Babe Ruth

November 25, 2012 3:53 am

Baseball fans called him Babe, the Bambino, and the Sultan of Swat. He set home run records that lasted for decades. His full name was George Herman Ruth, and he became one of the greatest heroes in American sports.
Babe Ruth led the Boston Red Sox to three World Series championships. Then he helped make the New York Yankees the most successful major league team of his time.
A TOUGH CHILDHOOD
Ruth overcame a troubled childhood to achieve baseball glory. He was born in Baltimore, Maryland, in 1895. The young Ruth fell in with a rough crowd on the streets of the city’s waterfront. When he was seven, he was sent to live in an orphanage and reform school. While there, a Roman Catholic priest taught Ruth to play baseball.
A NATURAL HITTER
Young Ruth showed great promise as an all-around player. At the reform school, he played first base, third base, and the outfield when needed. He eventually became a catcher. One day during practice, Ruth took the pitching mound. Ruth had never pitched before, but he amazed onlookers with his powerful sidearm throwing style. Most of all, Ruth was a natural hitter, easily swatting balls from his first time at bat.

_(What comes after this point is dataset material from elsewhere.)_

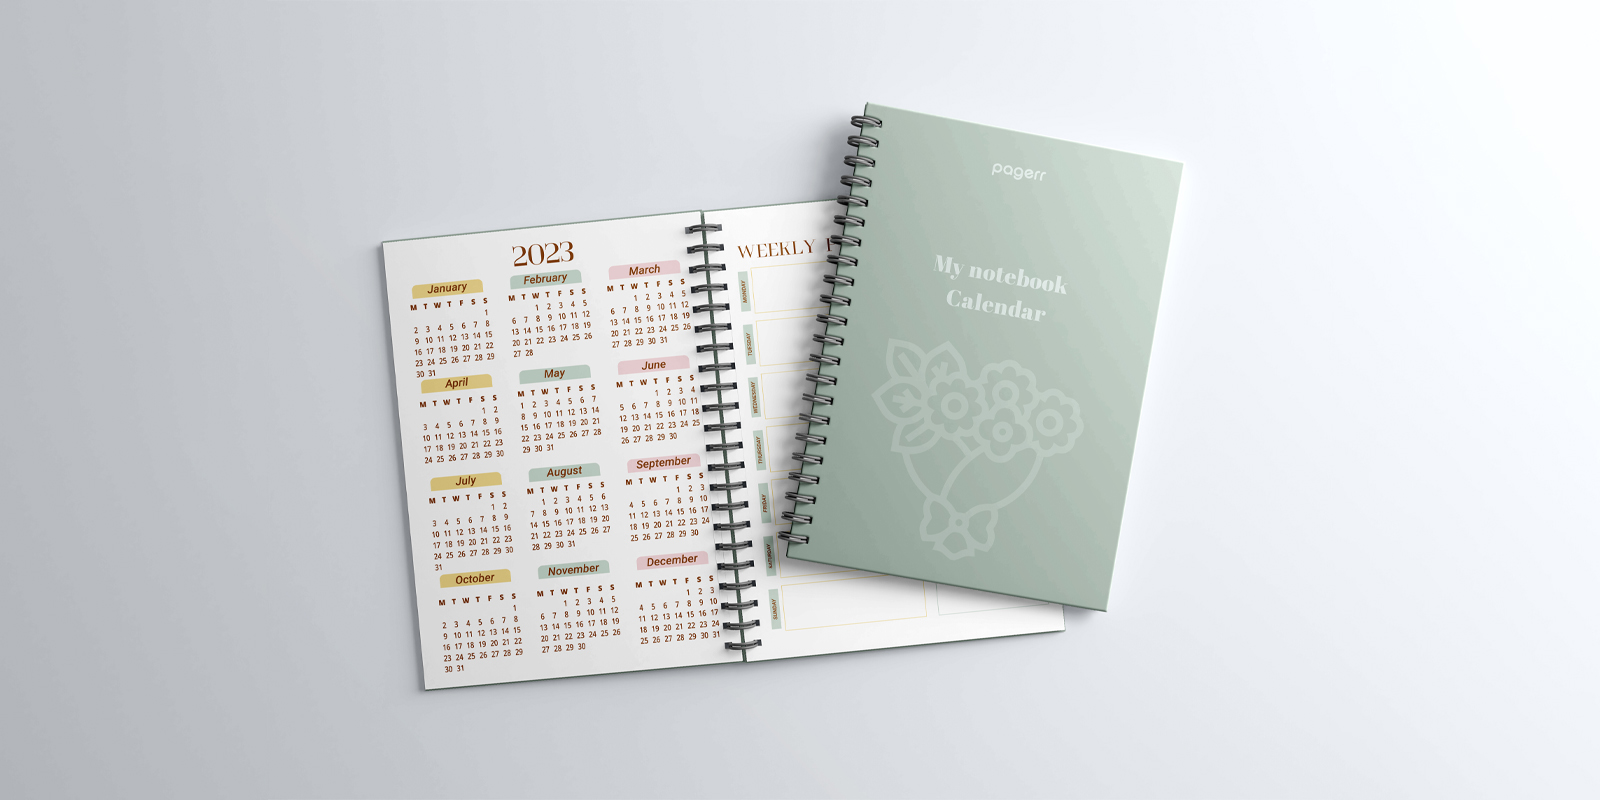 Notebook calendars in Wollongong - Print with Pagerr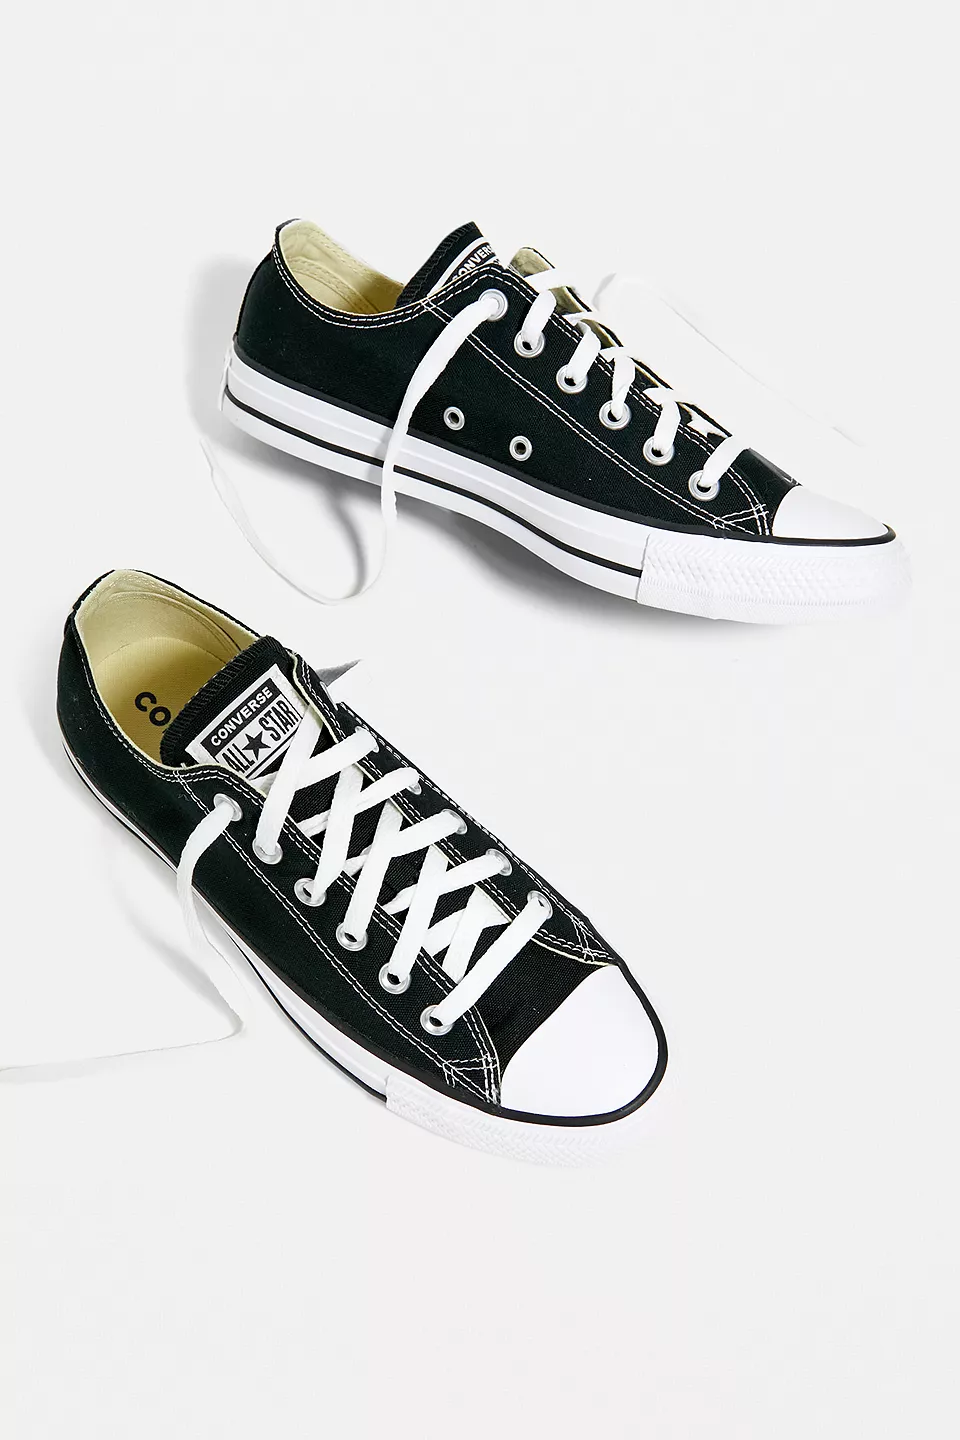 urbanoutfitters.com | Converse Black & White Chuck Taylor All Star Low Top Trainers

At the age of 19, Ruth signed a contract with the Baltimore Orioles, then a minor league team. The owner, Jack Dunn, took the young ballplayer under his wing. People soon began calling Ruth “Dunn’s baby.” Eventually they just started calling him “Babe.” It was a sign of things to come when Babe hit a home run in his first professional at-bat.
MAJOR LEAGUE SUCCESS
Baltimore sold Ruth’s contract to the Boston Red Sox, and he made his major league debut in 1914. Although Ruth was signed as a pitcher, the Red Sox also used him as an outfielder. That way, he could play more games and get to bat more times. In 1919, Ruth led the major leagues with 29 home runs. No player had ever hit that many in a single season.
As a home run hitter, Ruth was just getting started. He was traded to the New York Yankees in 1920, and he hit 54 homers that year. The following year he hit 59, and in 1927 he hit 60. That stood as the major league, season home run record until Roger Maris of the Yankees hit 61 in 1961.
In 1923, the Yankees opened a new ballpark called Yankee Stadium. But fans soon began calling Yankee Stadium “The House That Ruth Built” to honor their hero. As a Yankee, Ruth played in seven World Series, with the Yankees winning four of them.
A BASEBALL LEGEND
Ruth retired from baseball in 1935. Over the course of his 22-year major league career, he played in 2,503 games and had a lifetime batting average of .342. He hit a total of 714 home runs, drove in 2,213 runs, and scored 2,174 times. In 1936, Ruth was one of the first five players elected to the National Baseball Hall of Fame. He died in 1948.